I think it's coming - they're expecting to start shipping in August I think.

Anyone preordered? I might. It seems a decent price for a well thought out bit of kit. I don't know how well the grind adjustments are suited (are the spacings too big per setting?). No idea if it'll do for dialing in espresso but it should do aeropress, moka (touch coarser than aeropress for me), French press and drip styles pretty well. I like the handle being side mounted.


----------



## Mrboots2u (May 10, 2013)

I have one coming as part of the Kickstarter campaign


----------



## DavidBondy (Aug 17, 2010)

I must have missed this on Kickstarter! What are the details?

David


----------



## risky (May 11, 2015)

DavidBondy said:


> I must have missed this on Kickstarter! What are the details?
> 
> David


 https://www.kickstarter.com/projects/handground/precision-coffee-grinder-better-grind-more-Flavor

I see @MWJB is a backer too

I suppose the main thing going for it seems to be the price.


----------



## Morningfuel (May 19, 2016)

risky said:


> https://www.kickstarter.com/projects/handground/precision-coffee-grinder-better-grind-more-Flavor
> 
> I see @MWJB is a backer too
> 
> I suppose the main thing going for it seems to be the price.


Indeed, plus it's claims of consistent grind, decent capacity and vertical rather than horizontal crank arm.

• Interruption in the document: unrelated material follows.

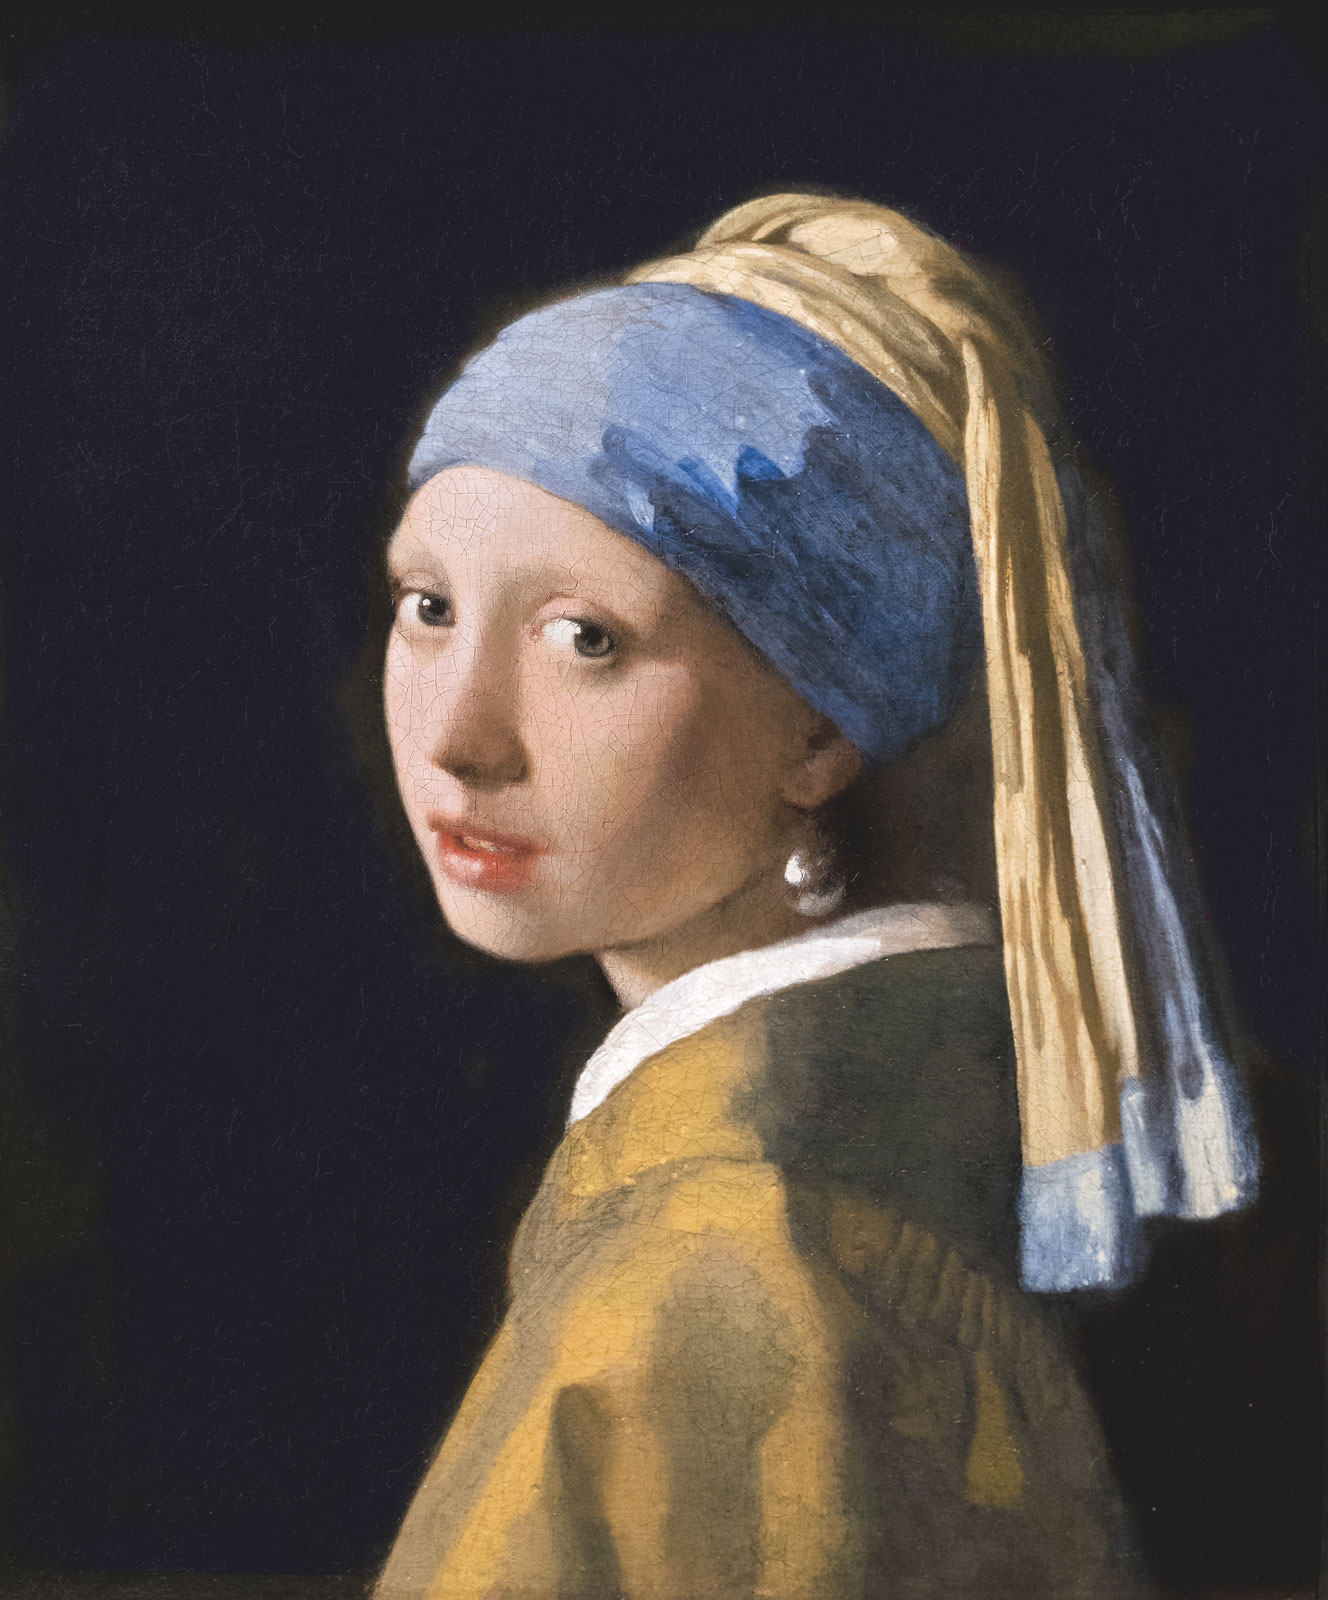 Vermeer

I'm tempted. Very tempted.


----------



## MWJB (Feb 28, 2012)

Morningfuel said:


> Indeed, plus it's claims of consistent grind, decent capacity and vertical rather than horizontal crank arm.
> 
> I'm tempted. Very tempted.


I'd wait until people have them in their hands & can give you some 1st hand experience.

The bearings on the shaft look like a good move & the intuitive adjustment mechanism, but remember that this is the first production run of this grinder, hopefully all will be well, but maybe have a little patience.


----------



## Morningfuel (May 19, 2016)

MWJB said:


> I'd wait until people have them in their hands & can give you some 1st hand experience.
> 
> The bearings on the shaft look like a good move & the intuitive adjustment mechanism, but remember that this is the first production run of this grinder, hopefully all will be well, but maybe have a little patience.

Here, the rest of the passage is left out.